La Stazione Celeste di GianMarco Porru, proposta dal 16 luglio al 22 ottobre 2023 presso il Museo MaGa di Gallarate, non ha smesso di ricordarlo. In una scena mediata dall’immagine video che scorre lenta quanto basta, l’azione performativa si trasfigura in immagini fisse, le quali si susseguono sulla linea orizzontale del monitor, come per focalizzarsi sulla mimetica dei costumi ben curati e su l’incisività del gesto e dello sguardo.
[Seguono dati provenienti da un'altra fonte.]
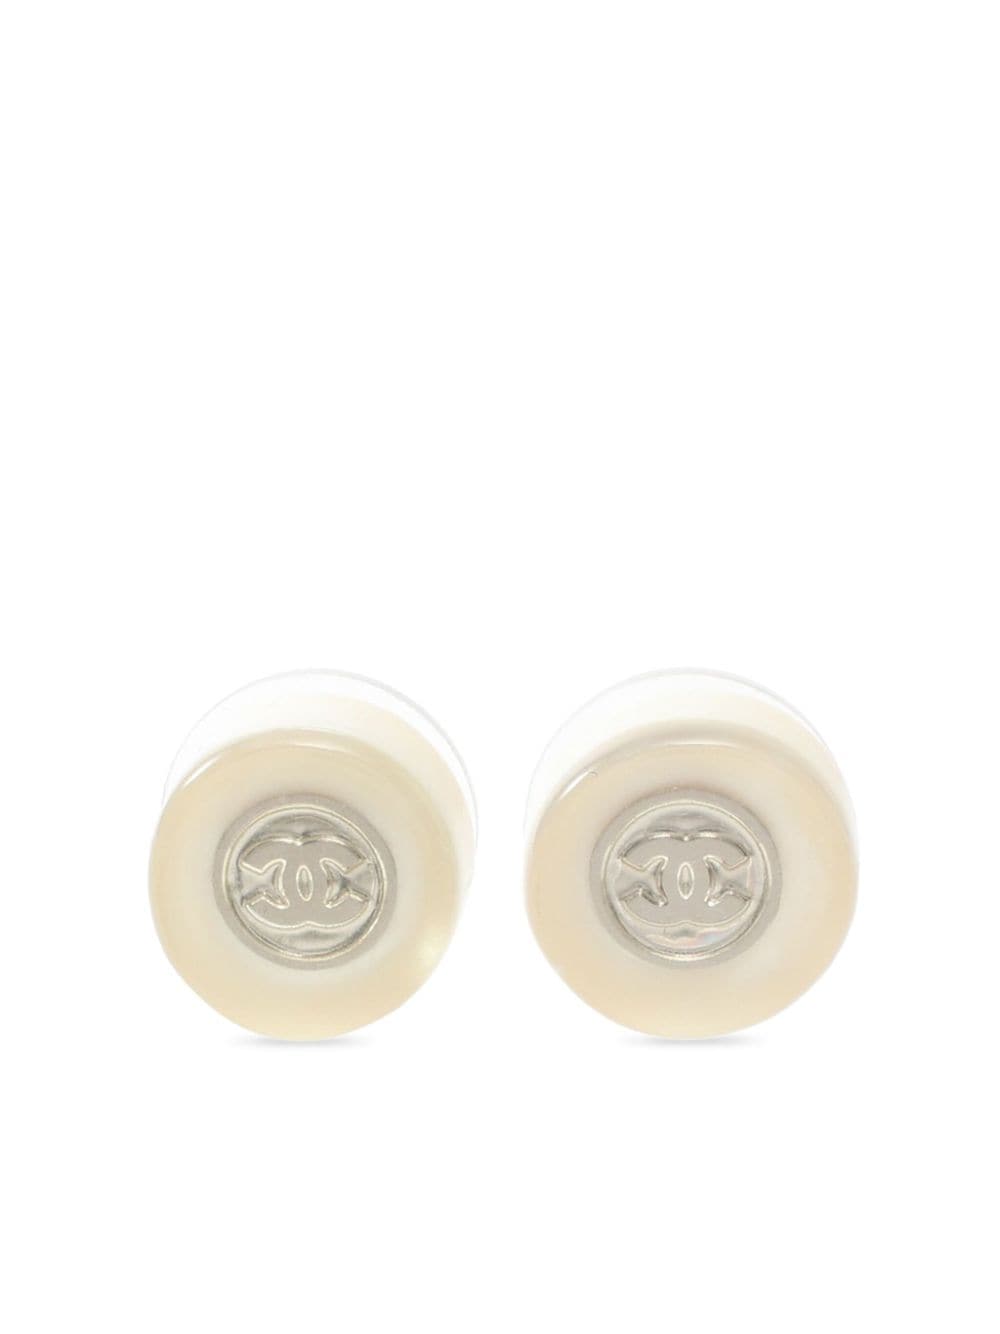 Pre-owned Chanel 1986-1988 Cc Button Earrings In White

La posa e la cucitura del cielo, i personaggi di Artemide, Selene ed Ecate sul palco spiato, lasciato solo intravvedere, essenziale ancora una volta, come lo fu già nel 2021 quando l’artista univa semplici elementi architettonici in gommapiuma, esposti come reperti abbandonati al video di un rituale tipico del carnevale oristanese. Un cerimoniale in cui un gruppo di persone lavorano per realizzare uno scettro chiamato “Pippia de Maju” (bambino di maggio), un doppio mazzo di violette segno di buon auspicio (Per messo di stelle), leggendo la terra alla maniera antica e consultando gli astri, i punti fissi di un rapporto stabilito tra un qui e un là, tra il segno della contingenza che spinge sull’oltre di un mondo pieno di incognite. 

Sui resti di un teatro personale, la performance è ora espressa per essere massimamente forma artistica, la quale, aveva scritto Ranuccio Bianchi Bandinelli, «è infatti sempre segno e, in un certo modo, simbolo di una particolare situazione umana».